Чувствуя себя мальчишкой в пустом родительском доме, Никита на цыпочках прокрался на кухню и залез в холодильник. Холодильник оказался под завязку забит водкой, пивом и баночными огурцами, а на краешке стола лежал ключ. На самом видном месте — не заметить его было невозможно. Следовательно, ключ предназначался именно ему, Никите. Монументальный Ока не стал будить его утром, чтобы за шкирку вытряхнуть непроспавшегося молодца за дверь, совсем напротив. Оставил постороннего человека в своей квартире, начиненной стереосистемами, плоскими телевизионными ящиками и прочими прелестями общества потребления. Удивительная беспечность, хотя… Если учесть, что сегодня ночью Никита отказался от платы за доставку дорогого во всех отношениях тела на Пятнадцатую линию, а еще раньше не соблазнился целой пачкой долларов… Хотя мог бы, мог. Уж слишком беспомощным выглядел Корабельникоff у подножия «Лэндровера», грех было не упасть до банального безнаказанного воровства. Но — не упал. Не нужно быть психологом, чтобы понять, что Никите можно доверить все, что угодно, он и булавки чужой не возьмет. А психологом Ока Корабельникоff был наверняка — не мог не быть, занимая такой пост. Не глядя махнув бутылку «Корабельникоff Classic» и сунув ключ в карман джинсов, Никита засобирался. В свою собственную «сраную жизнь», как называл его нынешнее существование друган Левитас. Дружба их тянулась еще из покрытых сиреневой дымкой школьных лет; они не расстались даже тогда, когда Никита поступил на мехмат университета, а Митенька, по причине врожденной математической тупости, — пополнил ментовские ряды.
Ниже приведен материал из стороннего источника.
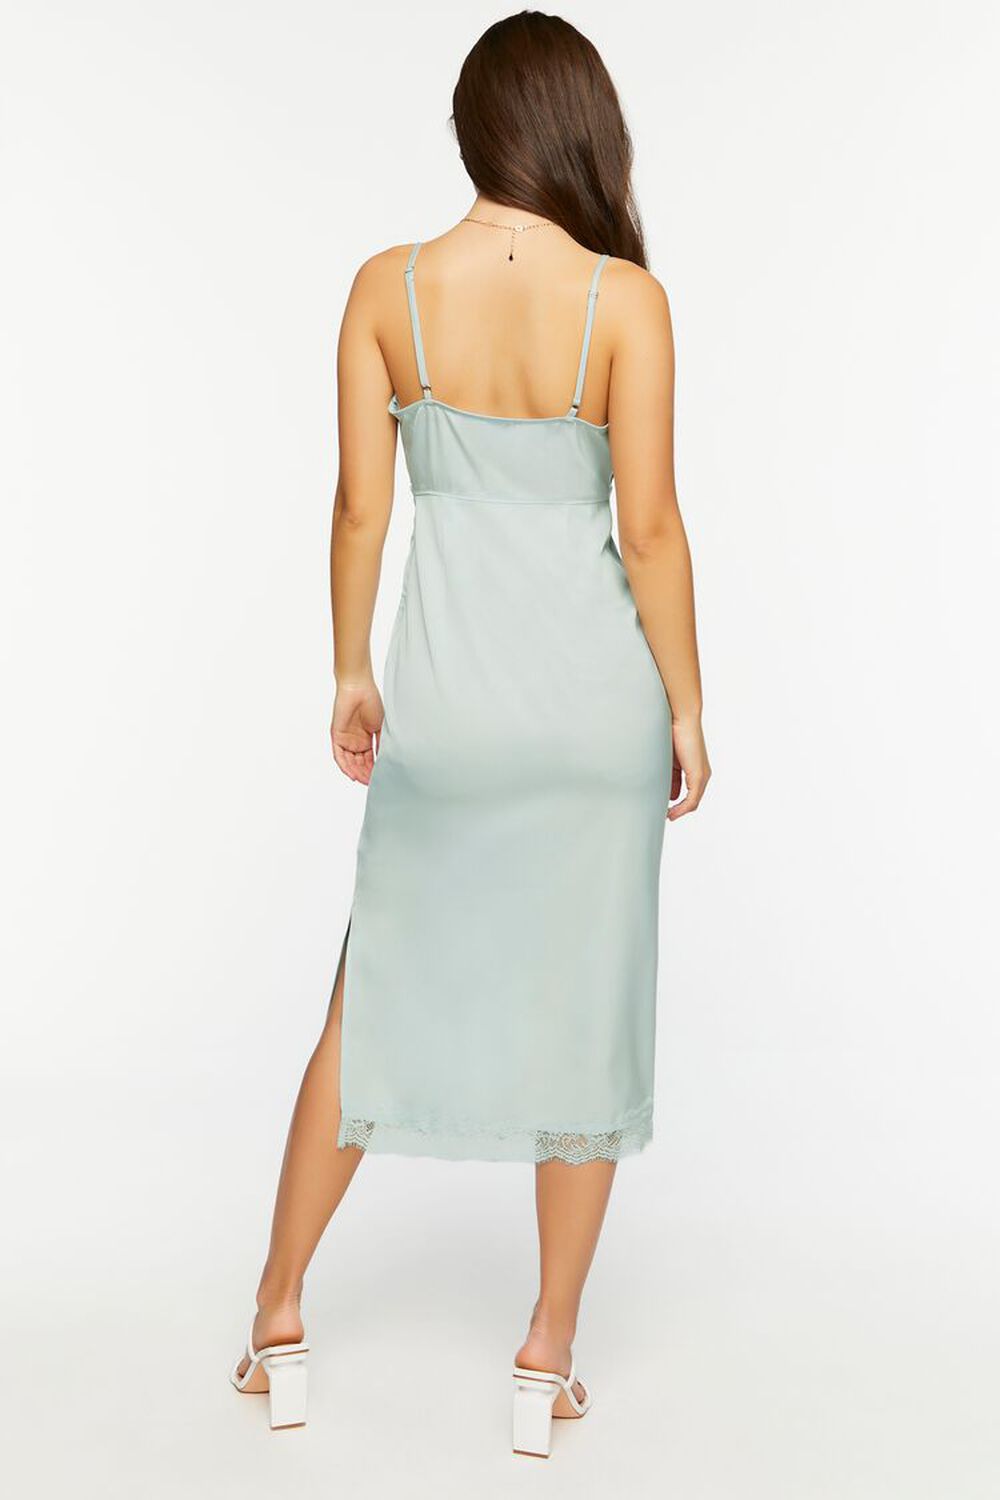 BLUE Satin Lace-Trim Midi Slip Dress, image 3

Беспривязно кочуя, он в конце концов оказался в убойном отделе, да так и завис там на должности опера.
Митенька Левитас был единственным человеком, с которым Никита поддерживал некое подобие отношений. Это было единственной уступкой безвозвратно ушедшей счастливой жизни; слабостью, замешанной на общем институтском прошлом, на общих девочках, общих выпивках и общей работе. Отказаться от Левитаса означало заколотить гроб окончательно. И Левитас всеми правдами и не правдами просачивался в узкую щель, куда всем остальным вход был заказан. Друзьям Никиты, друзьям Инги, их общим друзьям. Иезуитская инициатива, как и все другие иезуитские инициативы, исходила от Инги: в их ледяном аду не должно быть никого, — никого, кто может согреть словом, дыханием или просто сочувственным пожатием руки. Противостоять Инге было невозможно, — и все отступили. Не сразу, но отступили. И только Левитас продолжал долбить клювом в проклятую крышку их общего с Ингой гроба. Иногда ему даже удавалось вытащить Никиту в сауну на Крестовском, но чаще они встречались в «Алеше» на Большом проспекте — за традиционным «полкило» паленого махачкалинского коньяка.
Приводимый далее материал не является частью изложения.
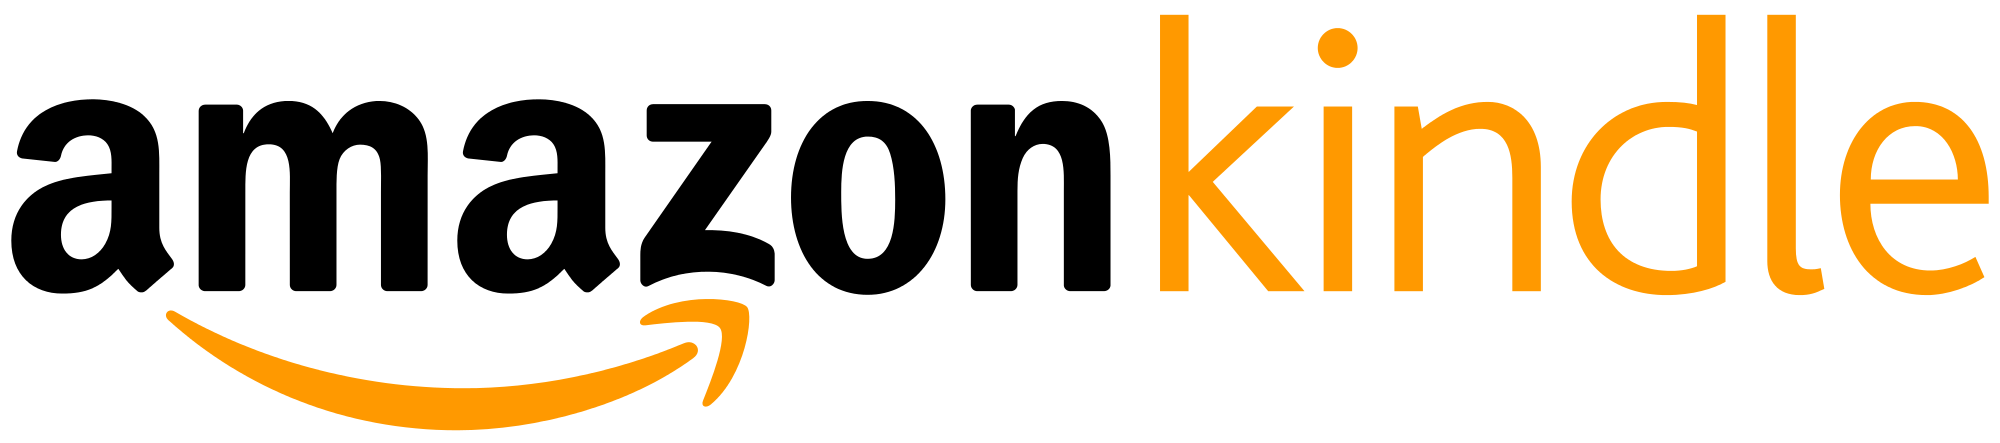 Amazon Kindle Logo Vector EPS

— Бросай ты эту суку, — в очередной раз увещевал Левитас Никиту.
— Хороший совет, — в очередной раз грустно улыбался Никита.
Бросить Ингу! Нет, он никогда этого не сделает, никогда! Бросить Ингу означало бросить на произвол судьбы маленького мертвого мальчика, сына, — оставить его лежать под открытым небом, пока вороны времени не выклюют ему глаза. Бросить Ингу было невозможно.
— Ну нет так нет, — в очередной раз соглашался Левитас. — Тогда по-быстрому допиваем коньячишко и возвращайся в свою сраную жизнь.
— Куда ж я денусь!…
— Ну, блин… Нет ума — строй дома…
«Нет ума — строй дома» — знаменитая Митенькина присказка. После нее следовал монолог о смерти, к которой Левитас, как сотрудник убойного, относился достаточно цинично.
— Не с вами одними такое несчастье случилось, — впаривал Никите Митенька. — Уж поверь… Я с этим постоянно сталкиваюсь… Сплошь и рядом, сплошь и рядом.
— Ты не понимаешь… Смерть — только тогда смерть, когда она касается тебя лично. Все остальное — не в счет…
— Дурак ты, Кит. Ой, дурак…
В этом месте их бесконечной, идущей по кругу беседы Левитас, как правило, замолкал: перед ним вставала обычная дилемма, — шваркнуть Никиту по физиономии или молча допить коньяк. И, как правило, Левитас выбирал последнее: несмотря на оголтелую работу, он был миролюбивым малым.